Sleuth借鉴谷歌Dapper的理念,以span为基本单元,多个span可以构成1个树状的trace,根span的id和trace的id相同。span除了有id外,还可以有描述、时间戳、tags。tags可以附加在span上,而baggage能在一个trace传递,Sleuth会自动识别出HTTP以"baggage-"开始的请求头,或"baggage_"开始的消息请求头。
Sleuth与OpenTracing兼容,使用Brave/Zipkin作为分布式跟踪的类库。
假设用户发起一个请求,以HTTP协议被微服务接收。按照java的Servlet规范,我们可以使用到的方式有Filter。按照spring mvc的方式,我们可以采取的措施有HandlerInterceptor。
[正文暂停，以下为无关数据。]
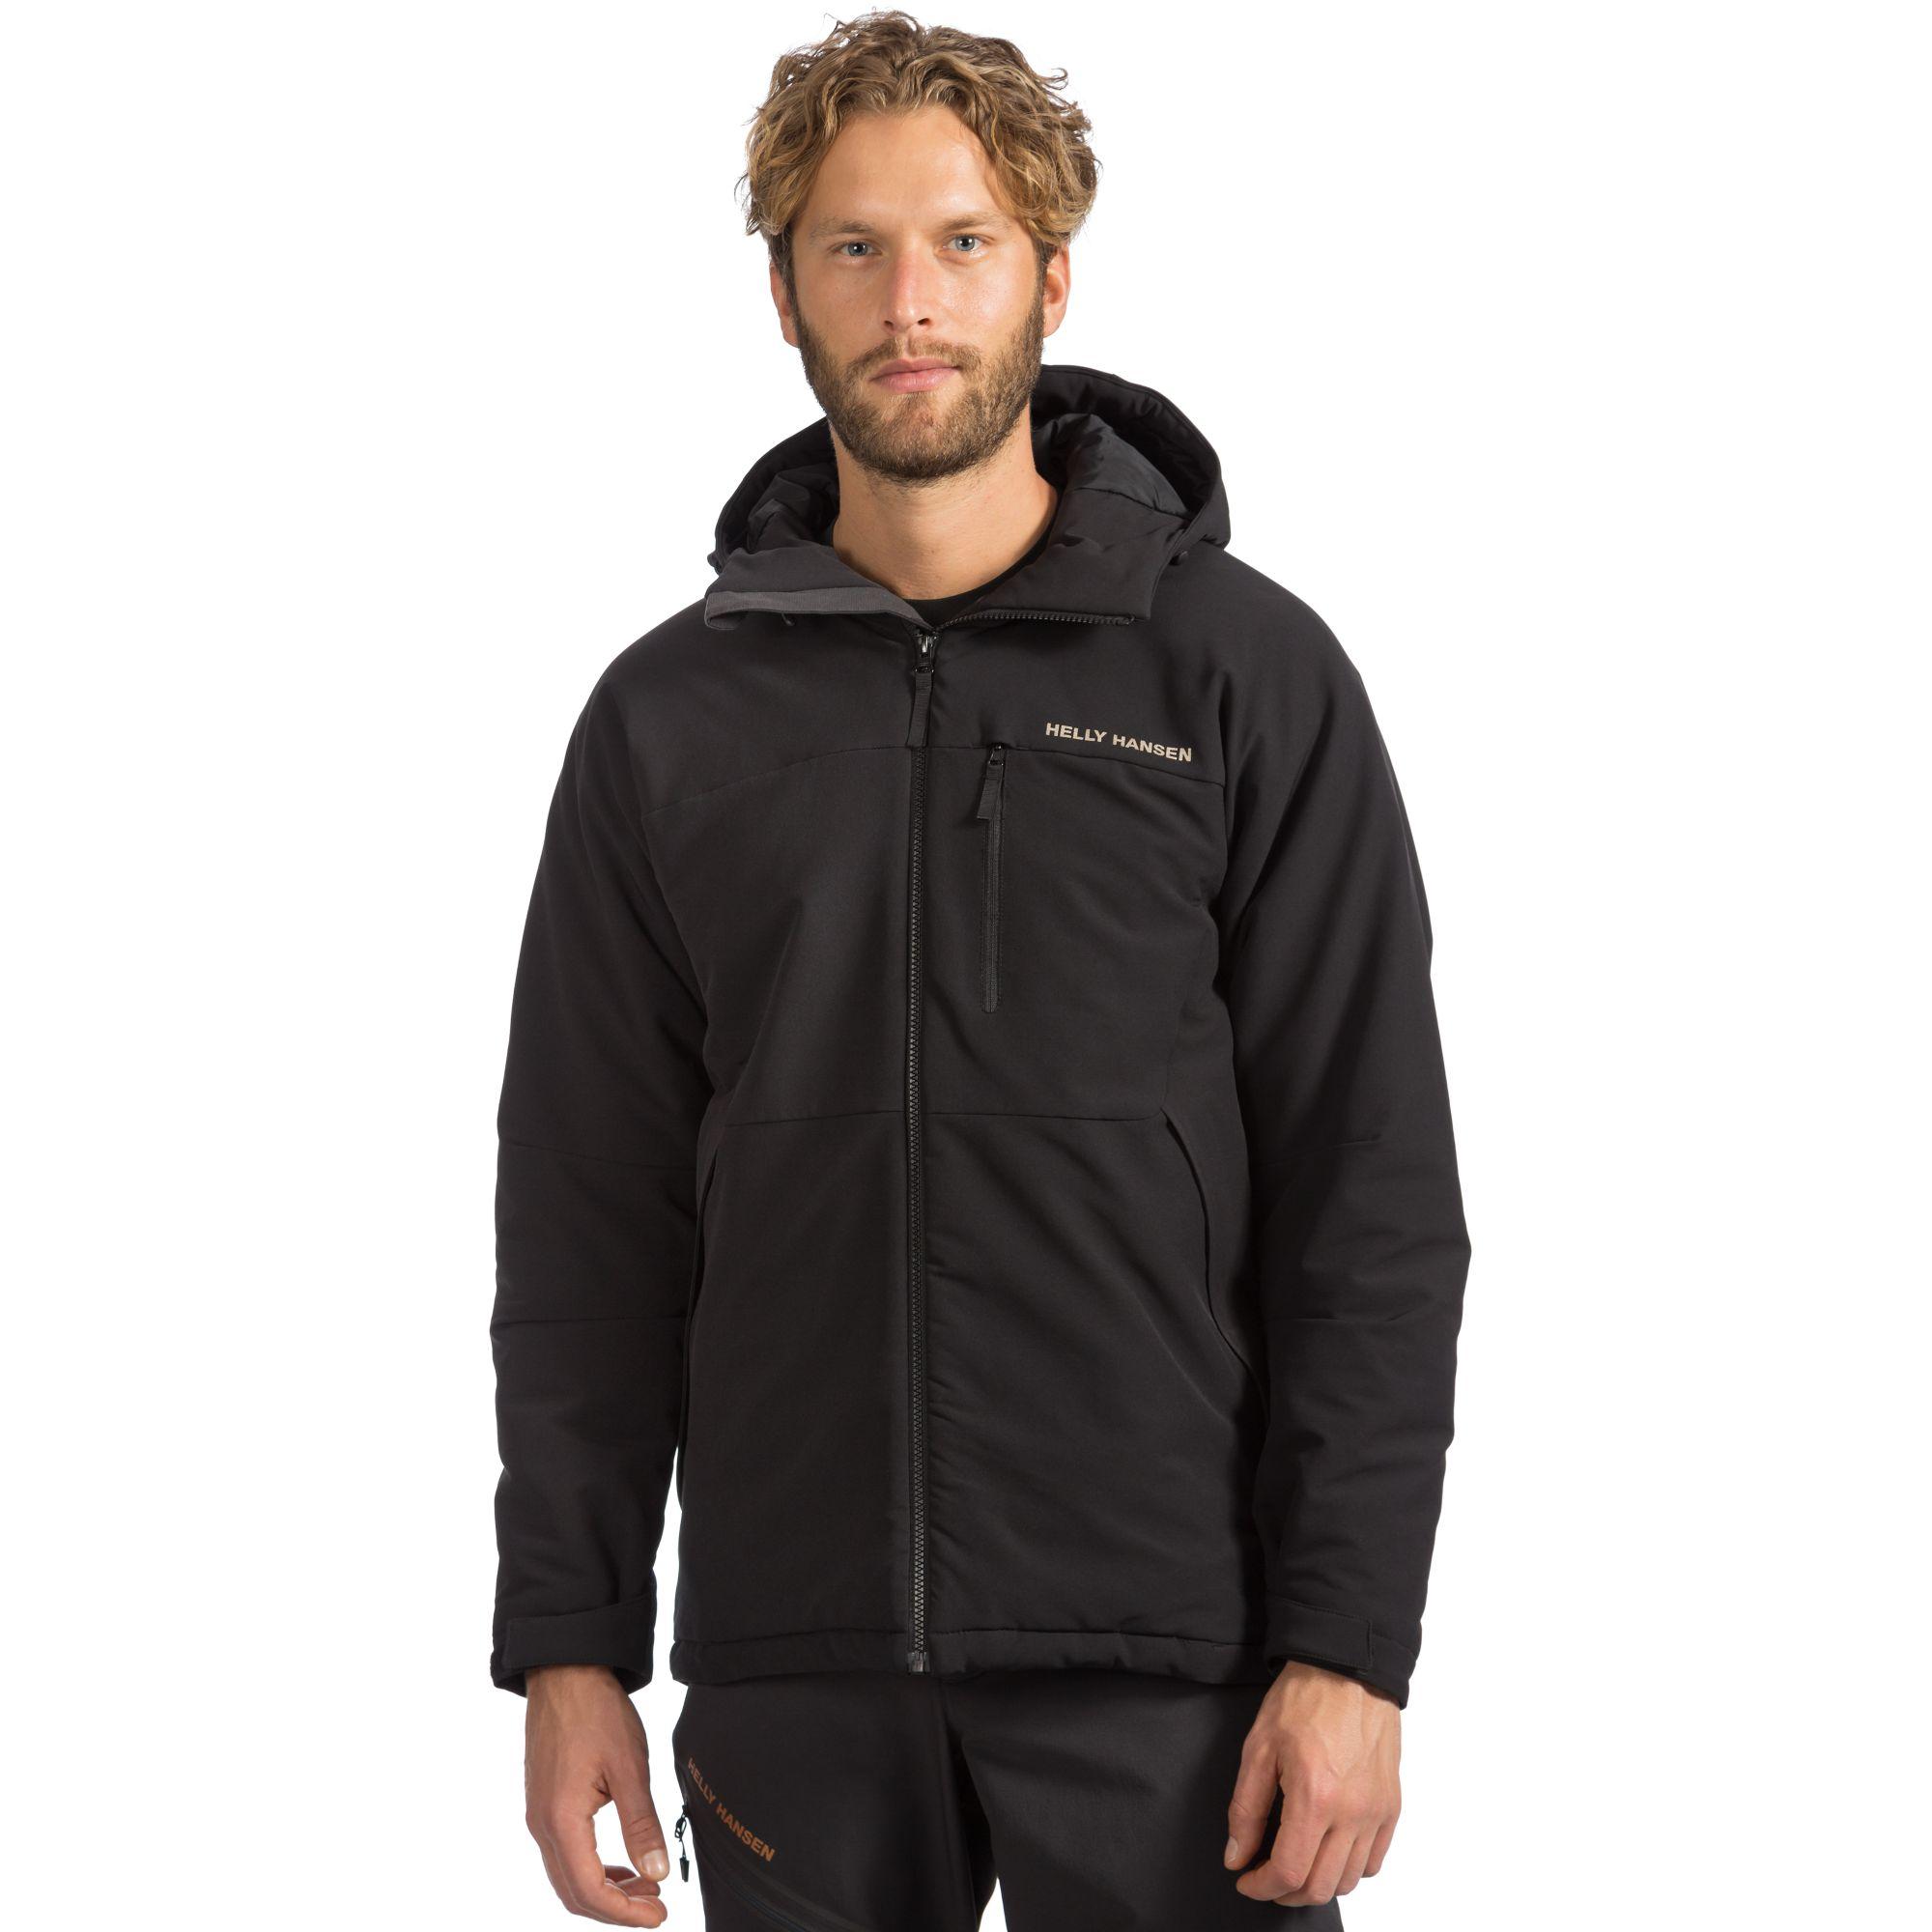 helly hansen odin insulated softshell jacket in black for men lyst. Black Bedroom Furniture Sets. Home Design Ideas

那我们看下spring本尊会用到哪种方式:
# spring-cloud-sleuth-autoconfigure-3.1.0.jar!/org.springframework.cloud.sleuth.autoconfig.instrument.web.TraceWebAutoConfiguration
@Configuration(proxyBeanMethods = false)
@ConditionalOnBean(Tracer.class)
@ConditionalOnSleuthWeb
@Import({ SkipPatternConfiguration.class, TraceWebFluxConfiguration.class, TraceWebServletConfiguration.class }) // 1. 引入其它配置做具体处理
@EnableConfigurationProperties(SleuthWebProperties.class)
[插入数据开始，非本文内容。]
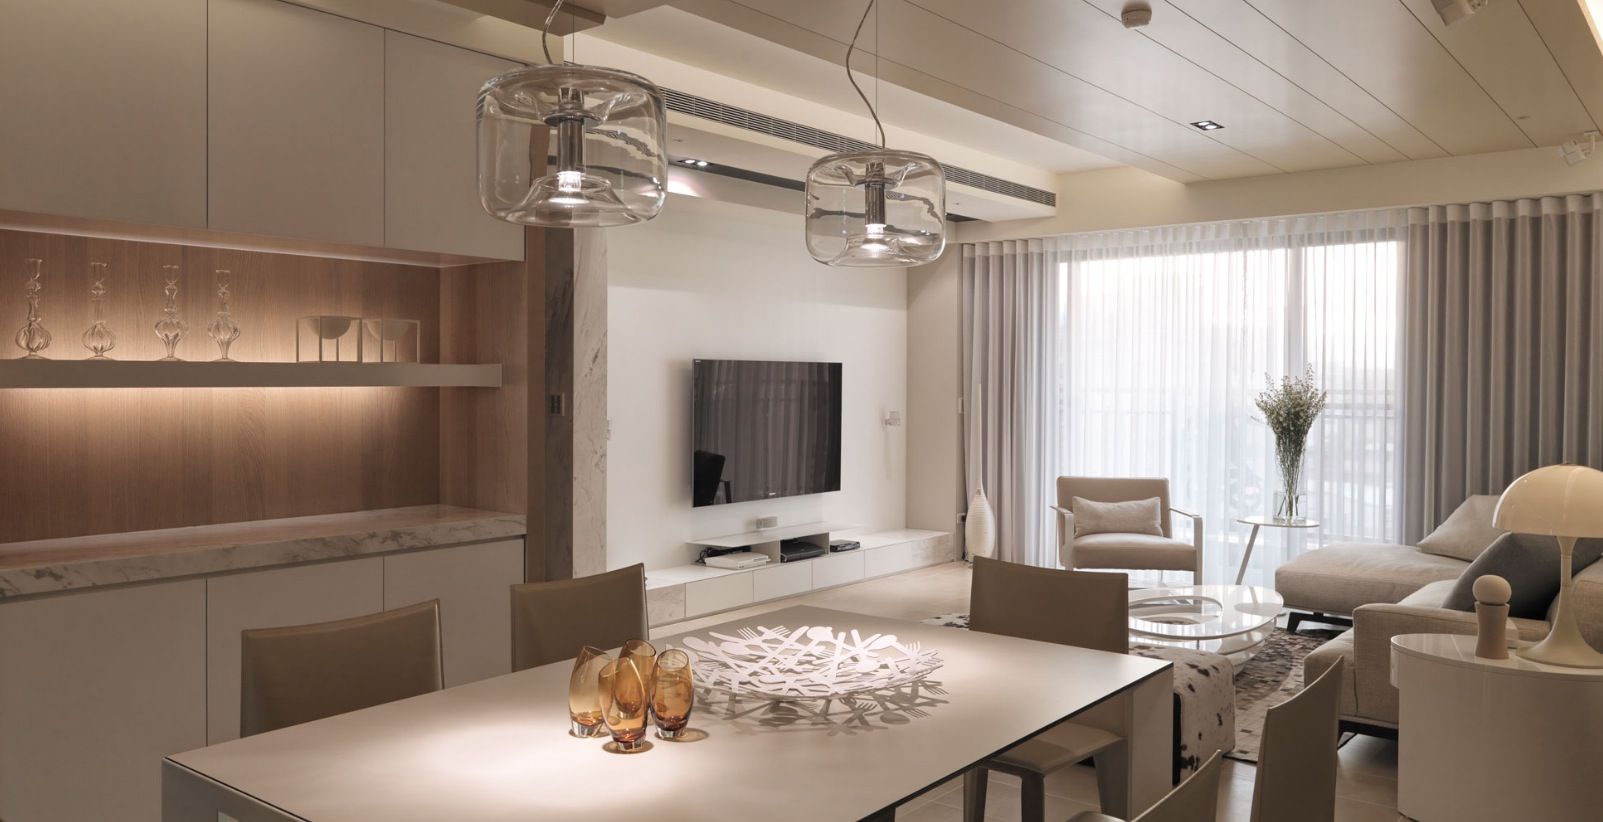 Mini appartamenti di lusso zo65 regardsdefemmes for Interni appartamenti di lusso

@AutoConfigureAfter(BraveAutoConfiguration.class) // 2. 在BraveAutoConfiguration之后生效
public class TraceWebAutoConfiguration {
}
在TraceWebAutoConfiguration自动配置类引入的SkipPatternConfiguration定义需要被忽略的路径格式,比如actuator/management相关接口、swagger等api文档接口、静态资源、hystrix.stream等。
先只看传统servlet形式如何处理:
# spring-cloud-sleuth-autoconfigure-3.1.0.jar!/org.springframework.cloud.sleuth.autoconfig.instrument.web.TraceWebServletConfiguration
@Bean
TraceWebAspect traceWebAspect(Tracer tracer, CurrentTraceContext currentTraceContext, SpanNamer spanNamer) {
return new TraceWebAspect(tracer, currentTraceContext, spanNamer); // 1. TraceWebAspect对类上有@Controller/@RestController注解,且方法返回值类型为Callable的方法,将返回值包装成TraceCallable;如果返回值类型是WebAsyncTask,则设置字段callable为包装后的TraceCallable
}
@Bean
FilterRegistrationBean traceWebFilter(BeanFactory beanFactory, SleuthWebProperties webProperties) {
FilterRegistrationBean filterRegistrationBean = new FilterRegistrationBean(new LazyTracingFilter(beanFactory)); // 2. 注册LazyTracingFilter来过滤所有请求
filterRegistrationBean.setDispatcherTypes(DispatcherType.ASYNC, DispatcherType.ERROR, DispatcherType.FORWARD,
DispatcherType.INCLUDE, DispatcherType.REQUEST);
filterRegistrationBean.setOrder(webProperties.getFilterOrder());
return filterRegistrationBean;
}
/**
* Nested config that configures Web MVC if it's present (without adding a runtime
* dependency to it).
*/
@Configuration(proxyBeanMethods = false)
@ConditionalOnClass(WebMvcConfigurer.class)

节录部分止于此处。